How in-Utero Diagnosis Is Being Used to Push Abortion
Authors: Shane Morris
Authors: John Stonestreet and Shane Morris
Should we “optimize” human beings? That was the question Anna Louise Sussman addressed recently in The New York Times, describing a new process that allows fertility services to bring only the healthiest, least disease-prone children into the world. Polygenic embryo screening uses AI to find genes with statistical correlations to disorders such as diabetes, autism, heart disease, cancer, and schizophrenia.
The founder of one company that offers this “service” told Sussman her motivation came from watching her own mother lose her vision to a genetic condition. To help others avoid this fate, her company offers parents “a risk profile on each embryo’s propensity for conditions.” In addition to the altruism, she also hopes to change how baby making is done. “Sex is for fun,” this founder said, “and embryo screening [through IVF] is for babies. It’s going to become insane not to screen for these things.”
“Screening,” of course, will mean the many human individuals conceived through IVF will never be born. As Pascal Emmanuel Gobry wrote on X, each supposedly “optimal” embryo requires the creation and disposal of many supposedly “suboptimal” ones. Once again, the promised disability-free world is only possible by killing people with disabilities.
Interestingly, Sussman also conceived a child through IVF. Sharing a time-lapse footage of her daughter as an embryo, she wondered aloud in her article about the embryos she discarded. “I previously joked that my daughter was ‘the embryo that went the distance,’” she wrote, “but now it no longer seemed like a joke.”

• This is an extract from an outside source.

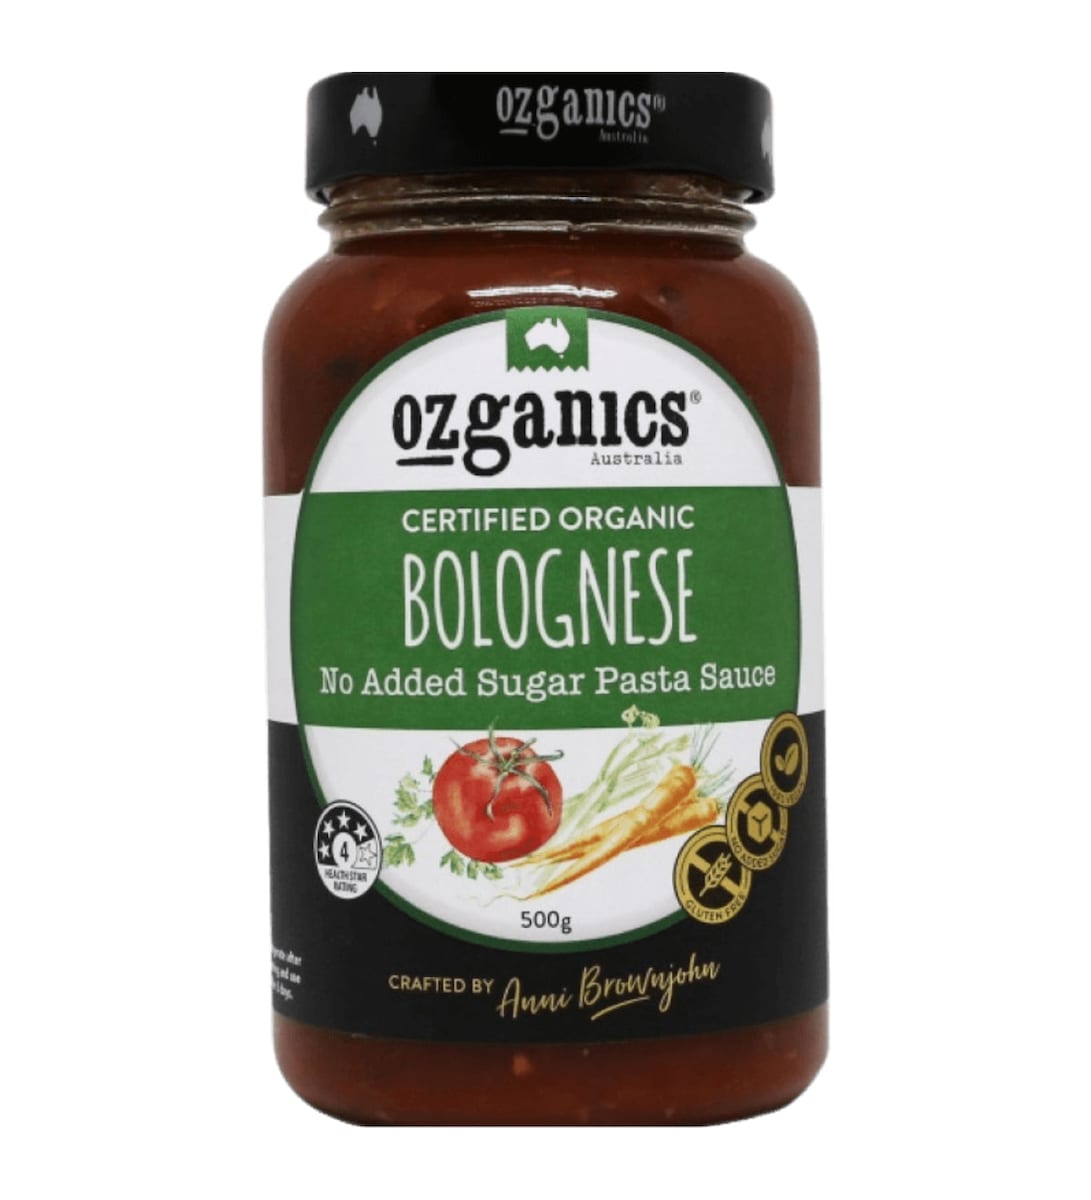 Ozganics Bolognese Pasta Sauce 500g

One doctor who advocates for this technology admitted that if his parents had had access to it, he would not have been born because of his diabetes. Perhaps that’s why purveyors of polygenic screening tend to “not dwell, publicly at least, on the fact that you cannot eliminate some diseases without eliminating the people who carry them.” Nevertheless, the public, fully conditioned to artificial reproductive technologies, is poised to embrace polygenic screening and baby-optimization. According to one survey cited by Sussman, most Americans have no moral objection to using the technology to identify medical issues, and four out of 10 said they were “more likely than not” to use it if doing so could improve their child’s chances of getting into a top college.
Once again, things begin to look like the plot of movies like Gattaca, in which most citizens are genetically engineered for perfection and the few conceived the “old-fashioned” way are treated as subhuman. As one bioethicist warns in the article, the message parents get from polygenic screening is not only that we can have the better children, but “we should have the best children that we can.” If that means not only selecting against diseases, but for enhanced traits like height, intelligence, and attractiveness, so be it. Such selection will rapidly become the norm, and failing to screen will rapidly become a moral failure by parents.
This will happen even if the promises of perfection prove hollow. A doctor quoted by Sussman warned against the “genetic determinism” these services promote in the public imagination. Would-be parents, he said, would learn to obsess over DNA and ignore more critical factors, such as nutrition, education, and “a loving and stable family environment.”
An Oxford professor of genomics described the promise of polygenic screening as unscientific, since so many “genetic” diseases also depend on non-genetic factors. Screening to decide which embryos live is, she said, “about as likely as a coin toss to deliver the outcome desired.” That’s because, as Gobry pointed out, we still do not fully understand the relationship between our genes and who we are. The most “interesting” biological traits are not on/off switches, but complex tradeoffs. In fact, selecting against an “undesirable” trait can even increase the likelihood of another.
Human beings are mysterious symphonies of genes, experiences, choices, and habits that work together to produce an irreplaceable, unrepeatable individual. To imagine that we can control this process, even in a lab with AI screening, denies what we know about ourselves. As David Bentley Hart once warned, optimization is supposed to select the best traits in humanity but actually selects the worst, an attempt to “reach the divine by ceasing to be human, by surpassing the human, by destroying the human.”
Perhaps why Sussman’s New York Times piece is so uneasy about the future of human reproduction is the present. It’s already abundantly clear that we do not know what it means to be human, which is why we just can’t say “no” to promises as unscientific as they are immoral.